Your assignment: Reproduce the line with "A stock office" and everything after it in the listing below, exactly, both ends included. No pictures.

Data block:
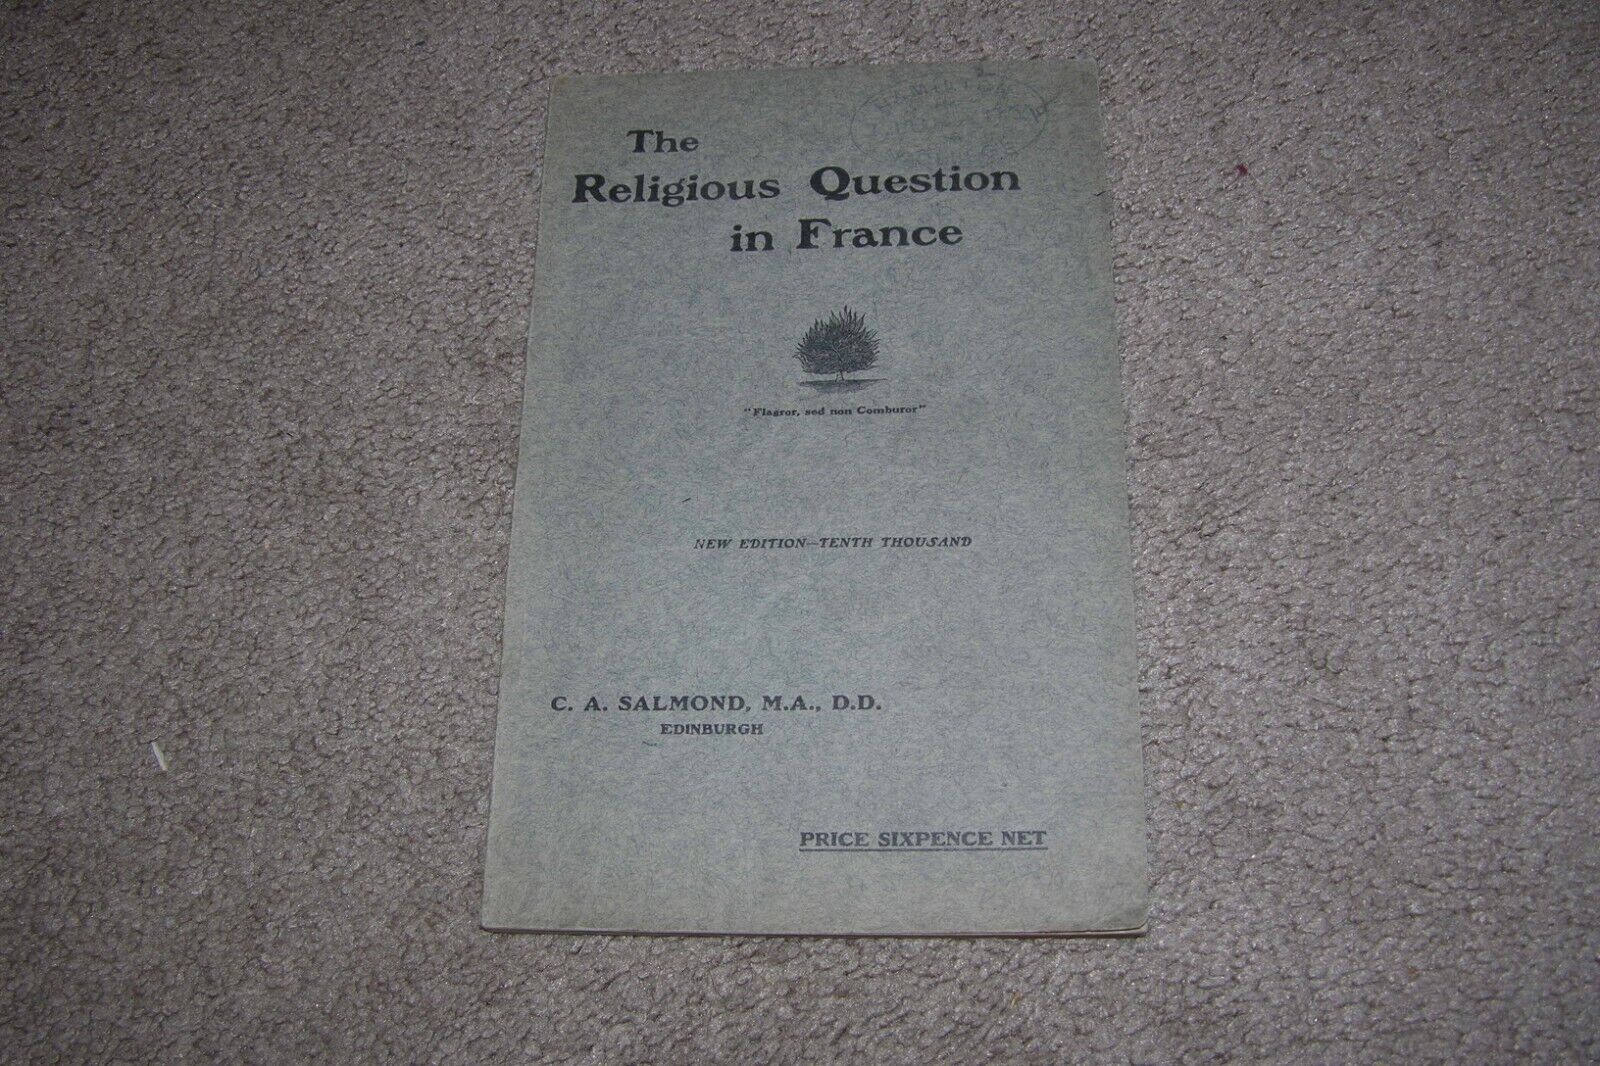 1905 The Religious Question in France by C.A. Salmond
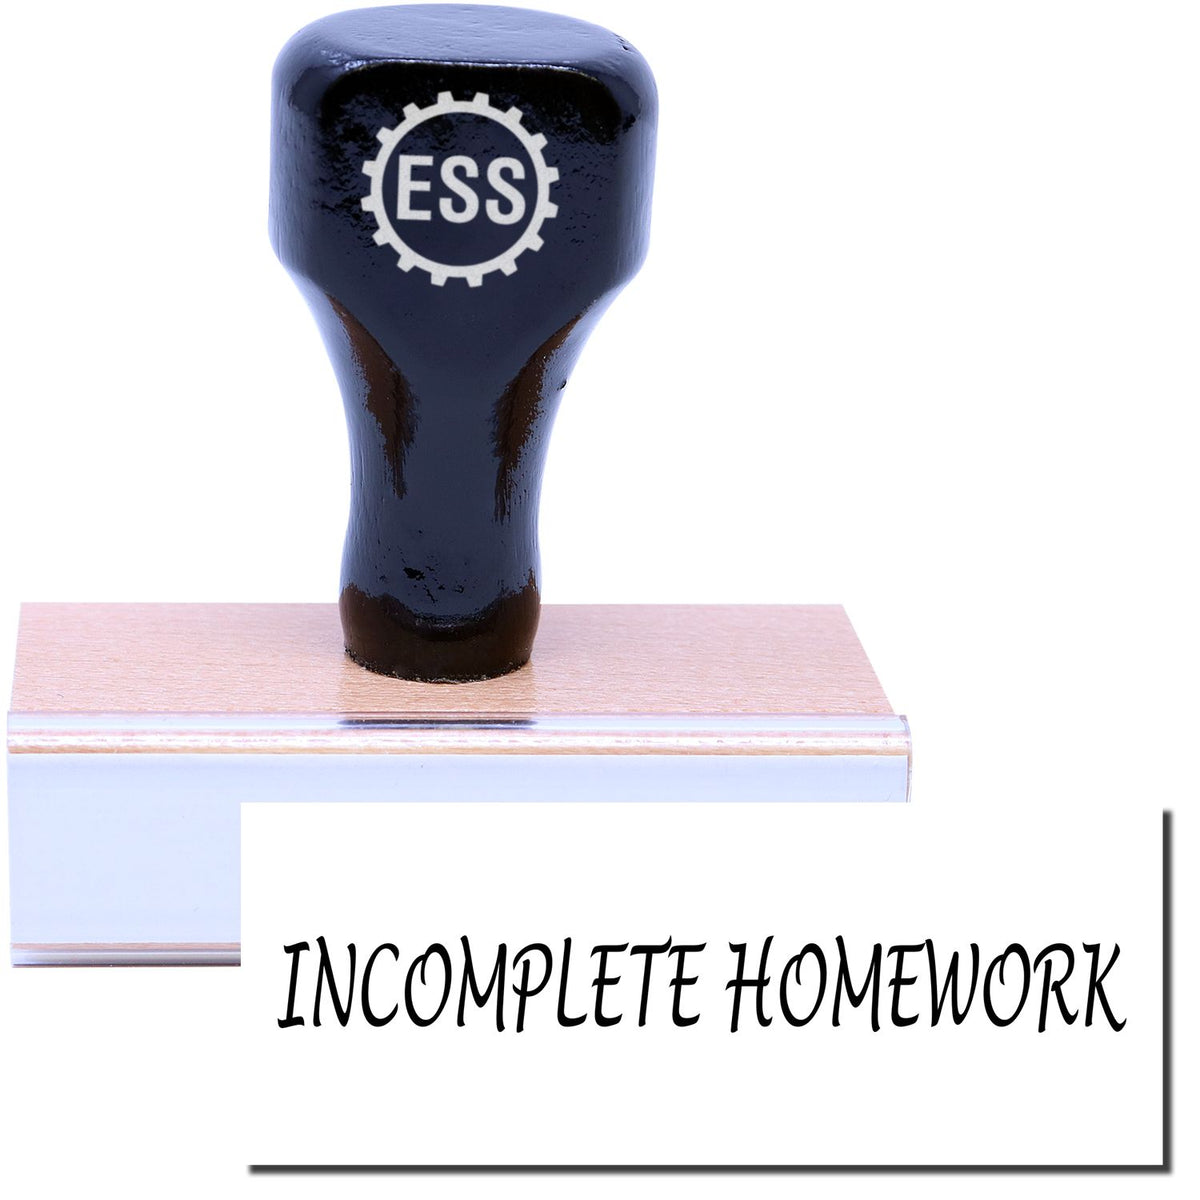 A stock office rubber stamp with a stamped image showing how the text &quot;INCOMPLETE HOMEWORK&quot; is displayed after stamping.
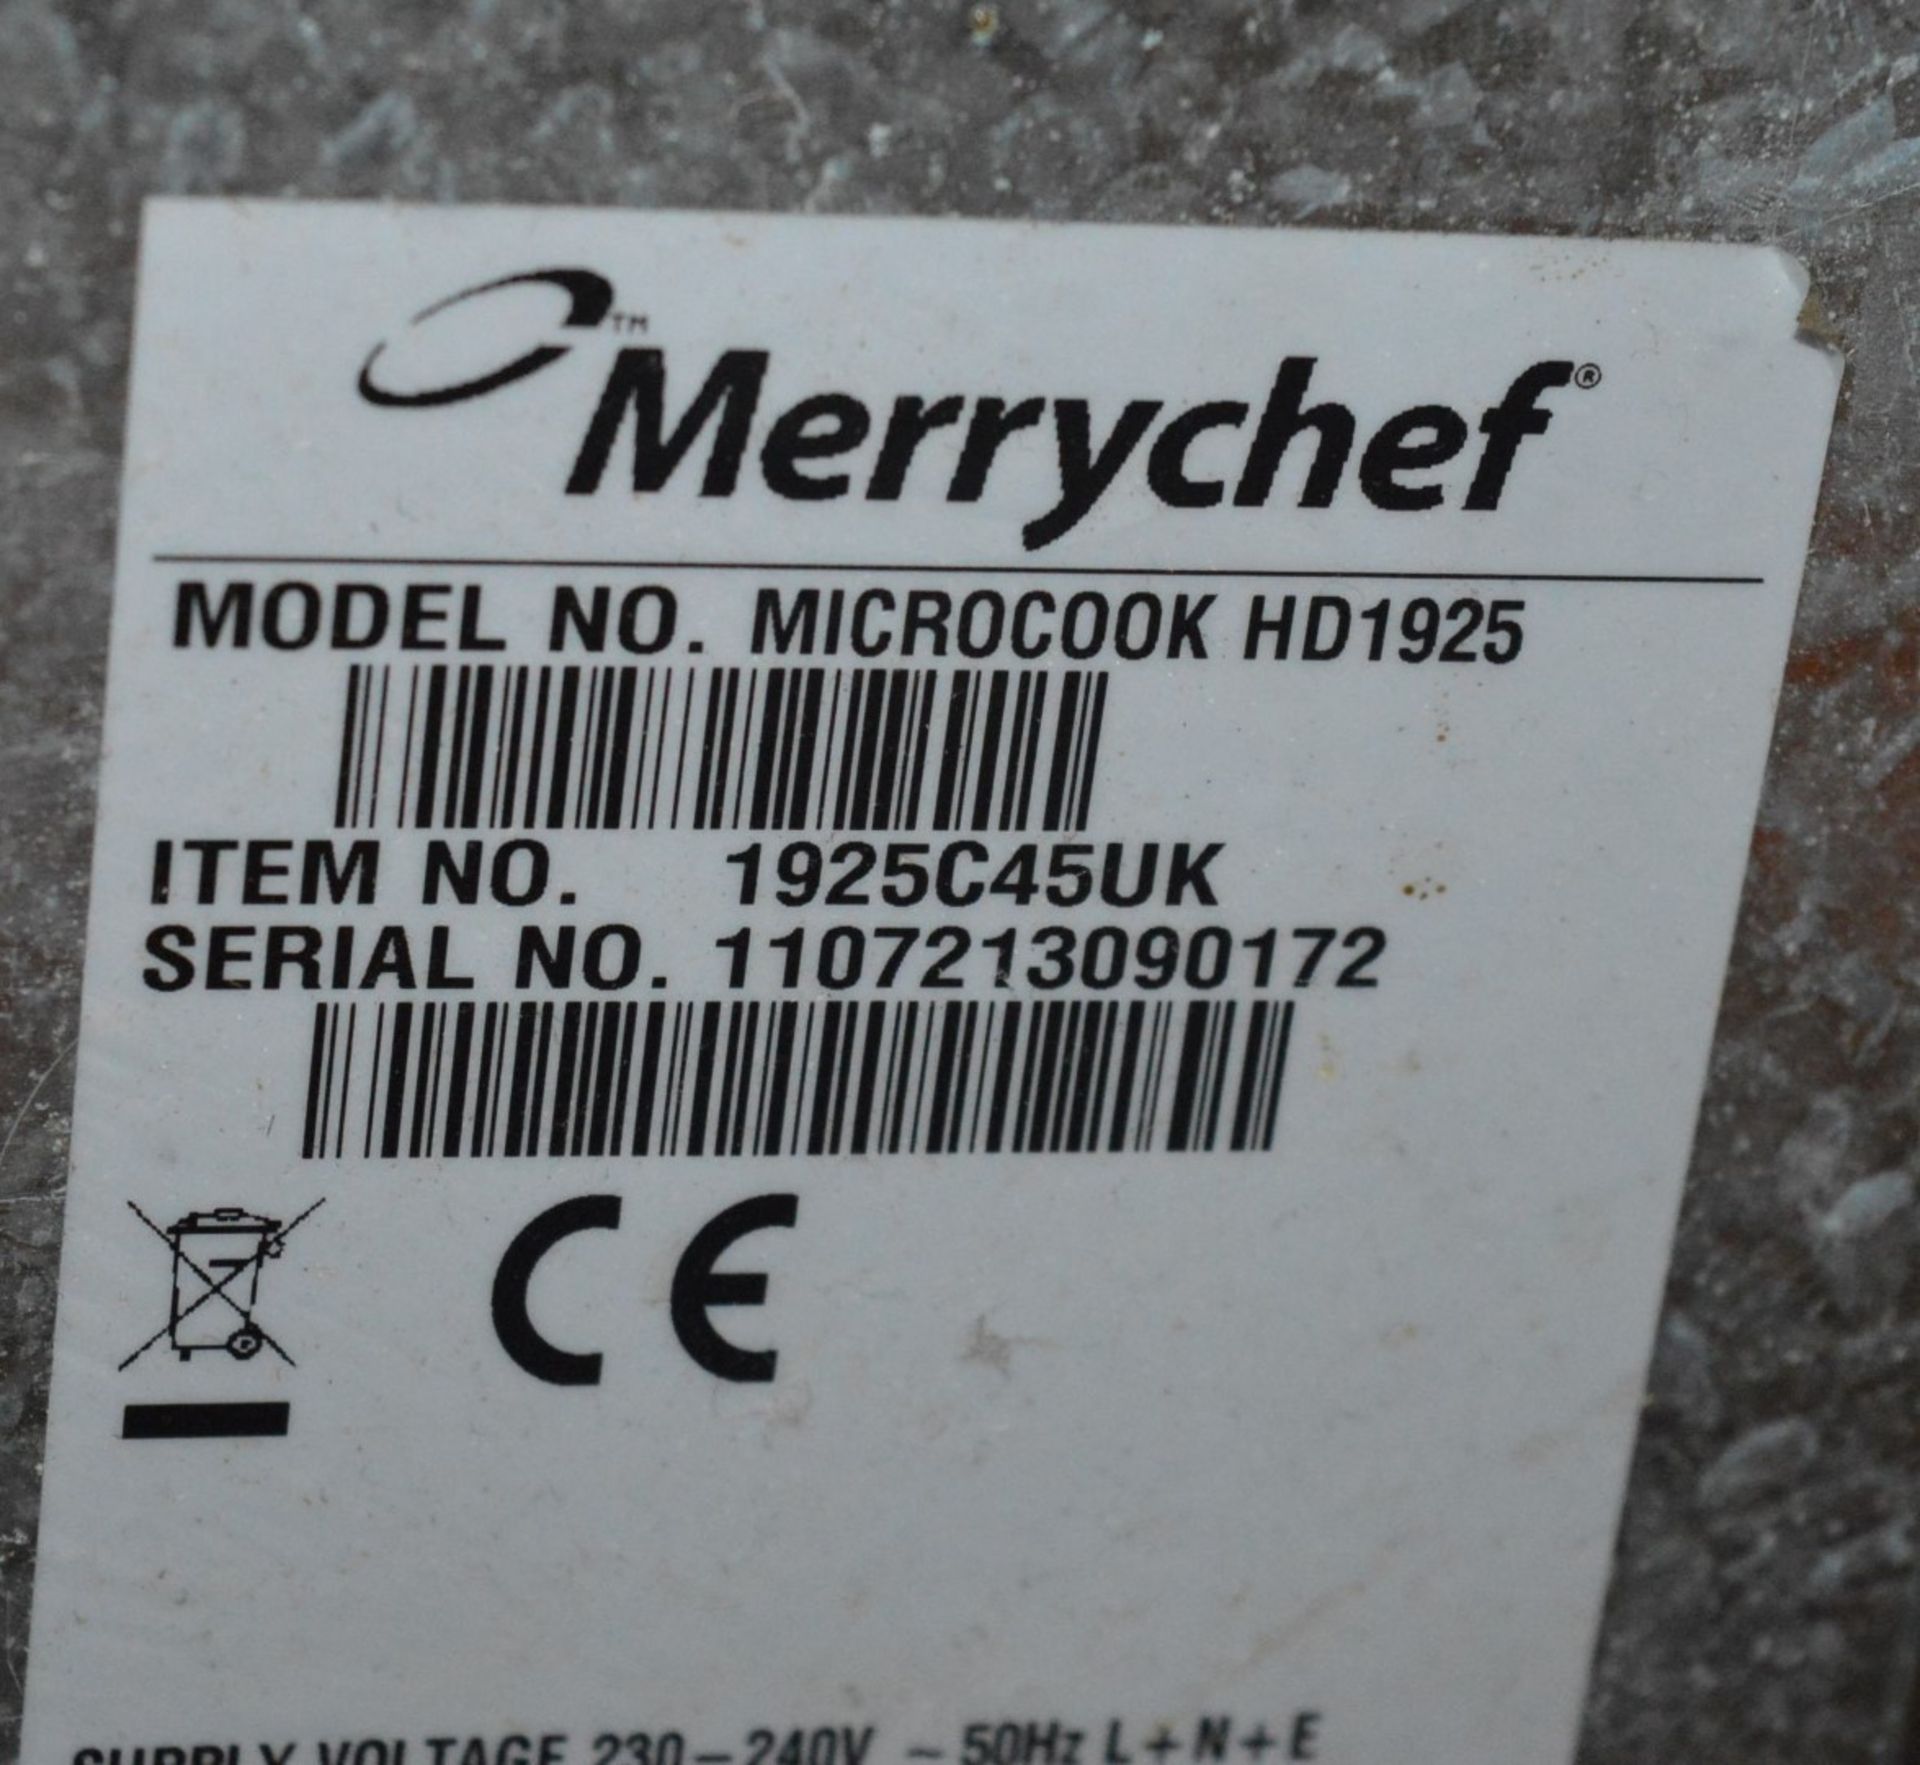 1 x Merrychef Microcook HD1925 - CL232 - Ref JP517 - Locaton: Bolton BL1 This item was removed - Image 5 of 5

Output of the exercise:
 A stock office rubber stamp with a stamped image showing how the text &quot;INCOMPLETE HOMEWORK&quot; is displayed after stamping.
 1 x Merrychef Microcook HD1925 - CL232 - Ref JP517 - Locaton: Bolton BL1 This item was removed - Image 5 of 5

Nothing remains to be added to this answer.